START GIVEN DATA
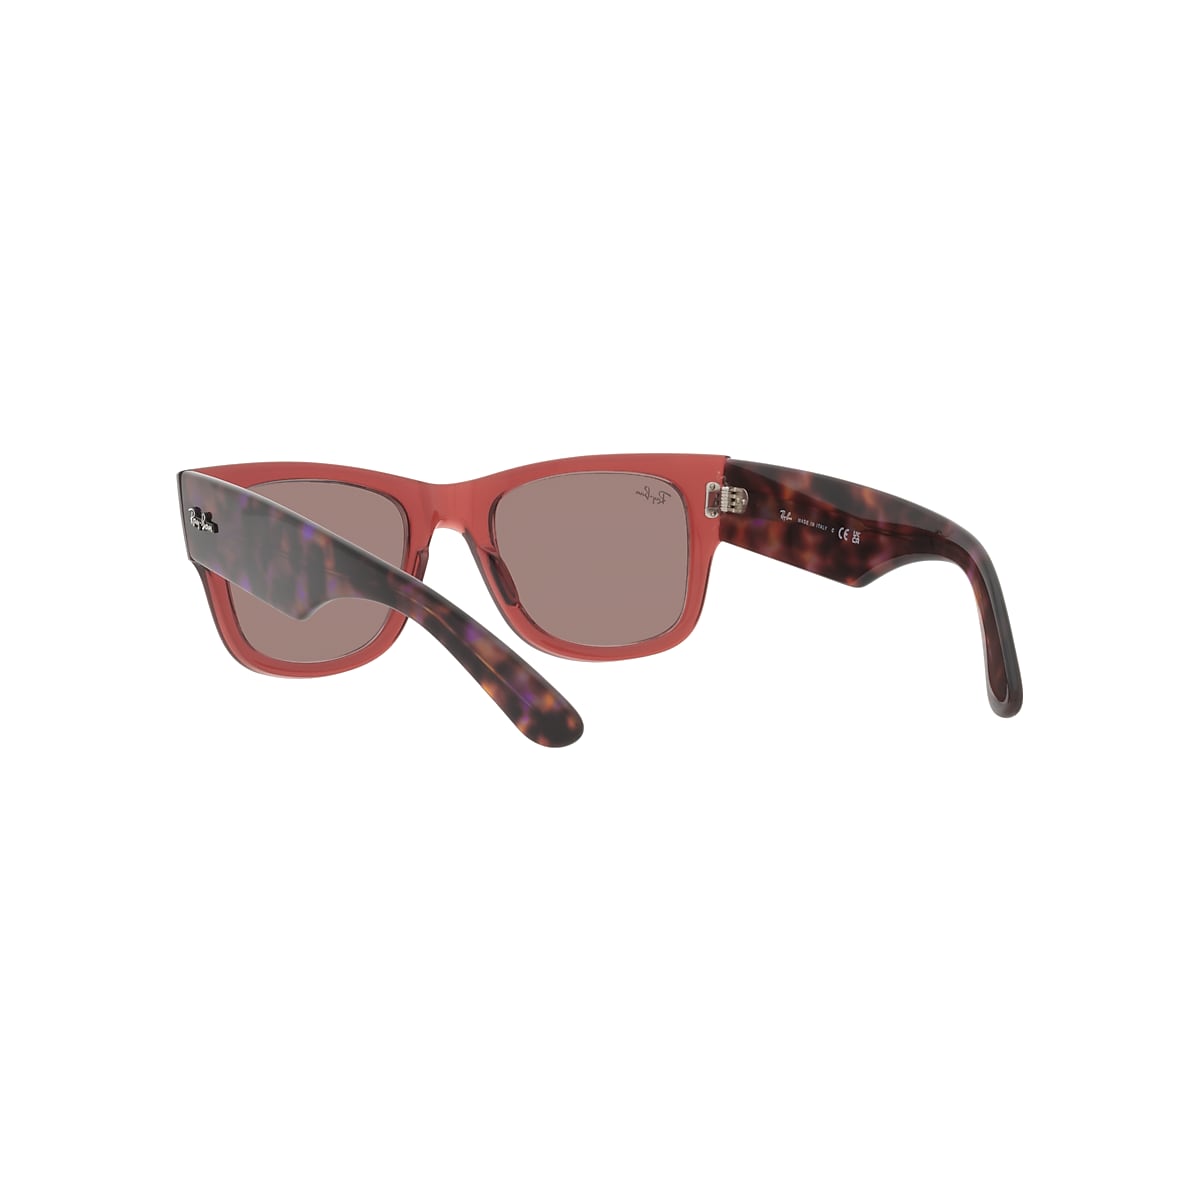 Ray-Ban Mega Wayfarer Sunglasses Striped Pink Havana Frame Red Lenses 51-21
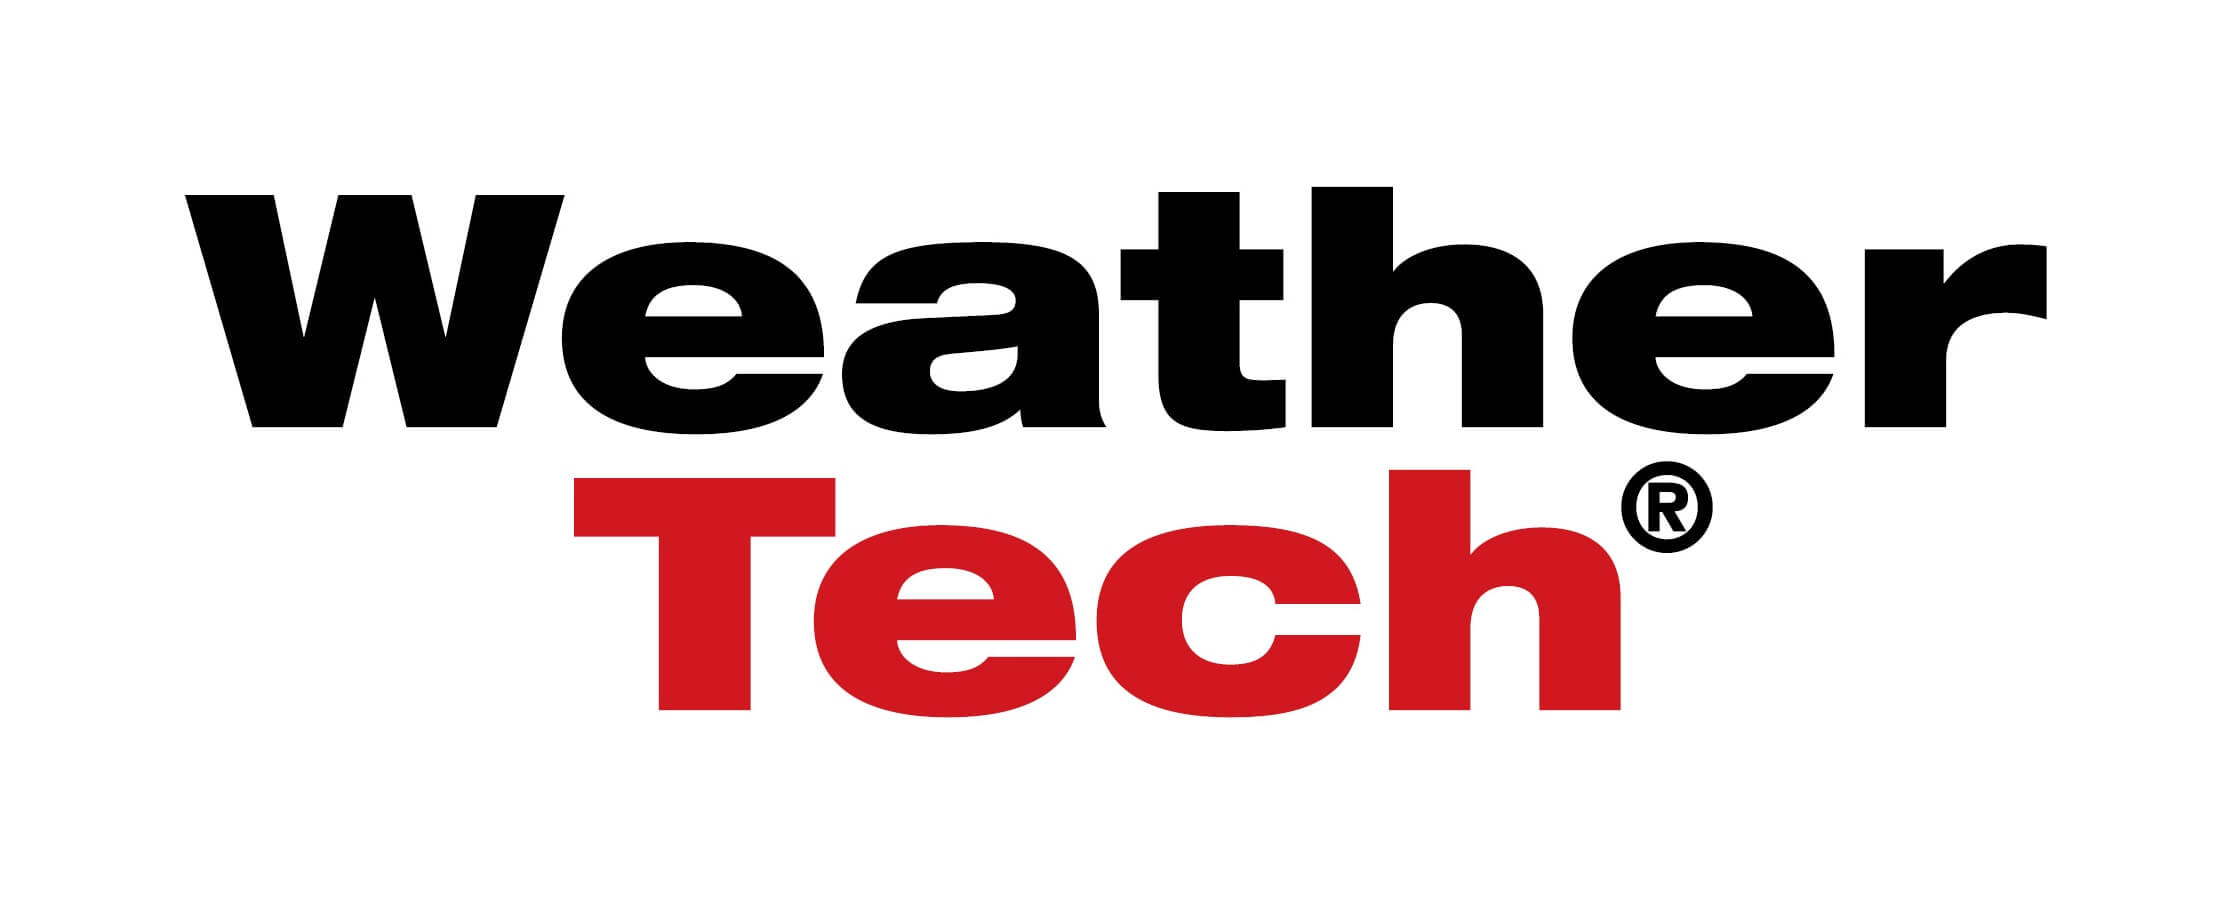 weathertech-logo.jpg
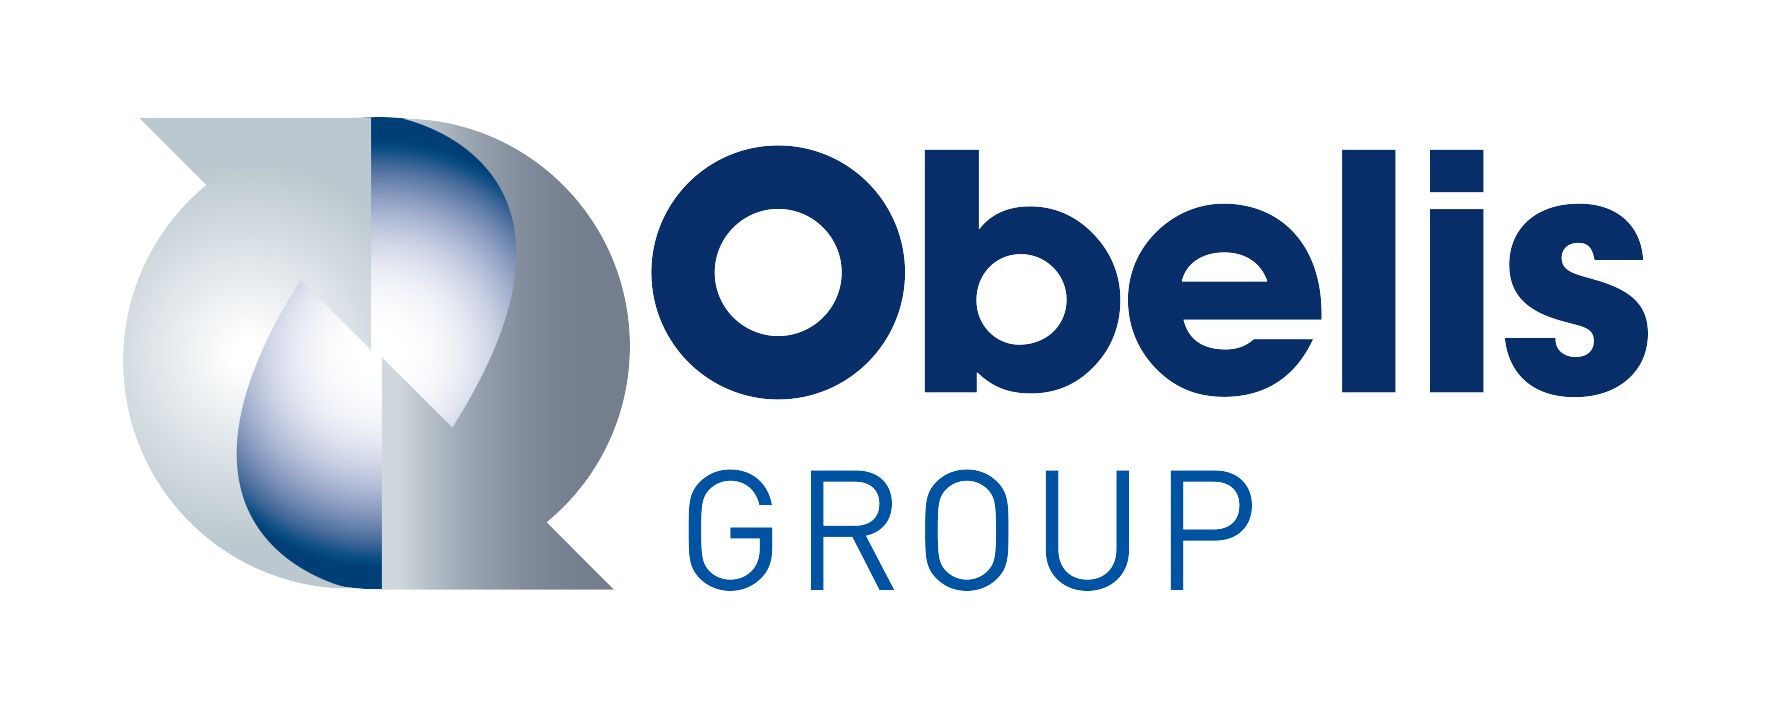 Obelis Group
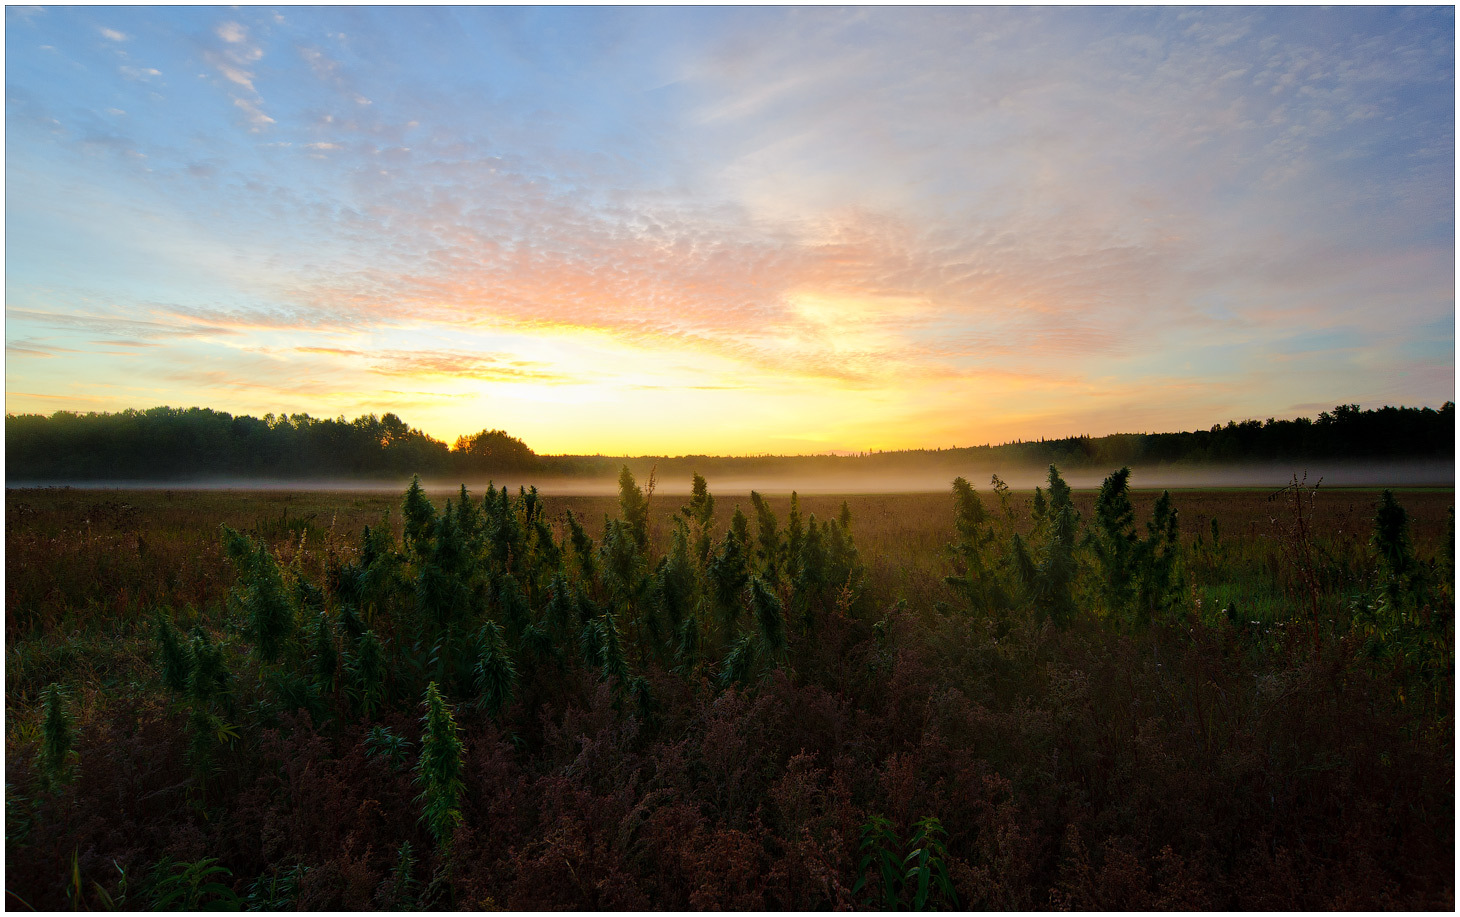 Landscape, at dawn | landscape, morning, fog, sky, dawn, forest, skyline, grass, light, field
END GIVEN DATA
Write the material out again exactly. Skip each picture.

### TASK ANSWER
 Ray-Ban Mega Wayfarer Sunglasses Striped Pink Havana Frame Red Lenses 51-21
 weathertech-logo.jpg
 Obelis Group
 Landscape, at dawn | landscape, morning, fog, sky, dawn, forest, skyline, grass, light, field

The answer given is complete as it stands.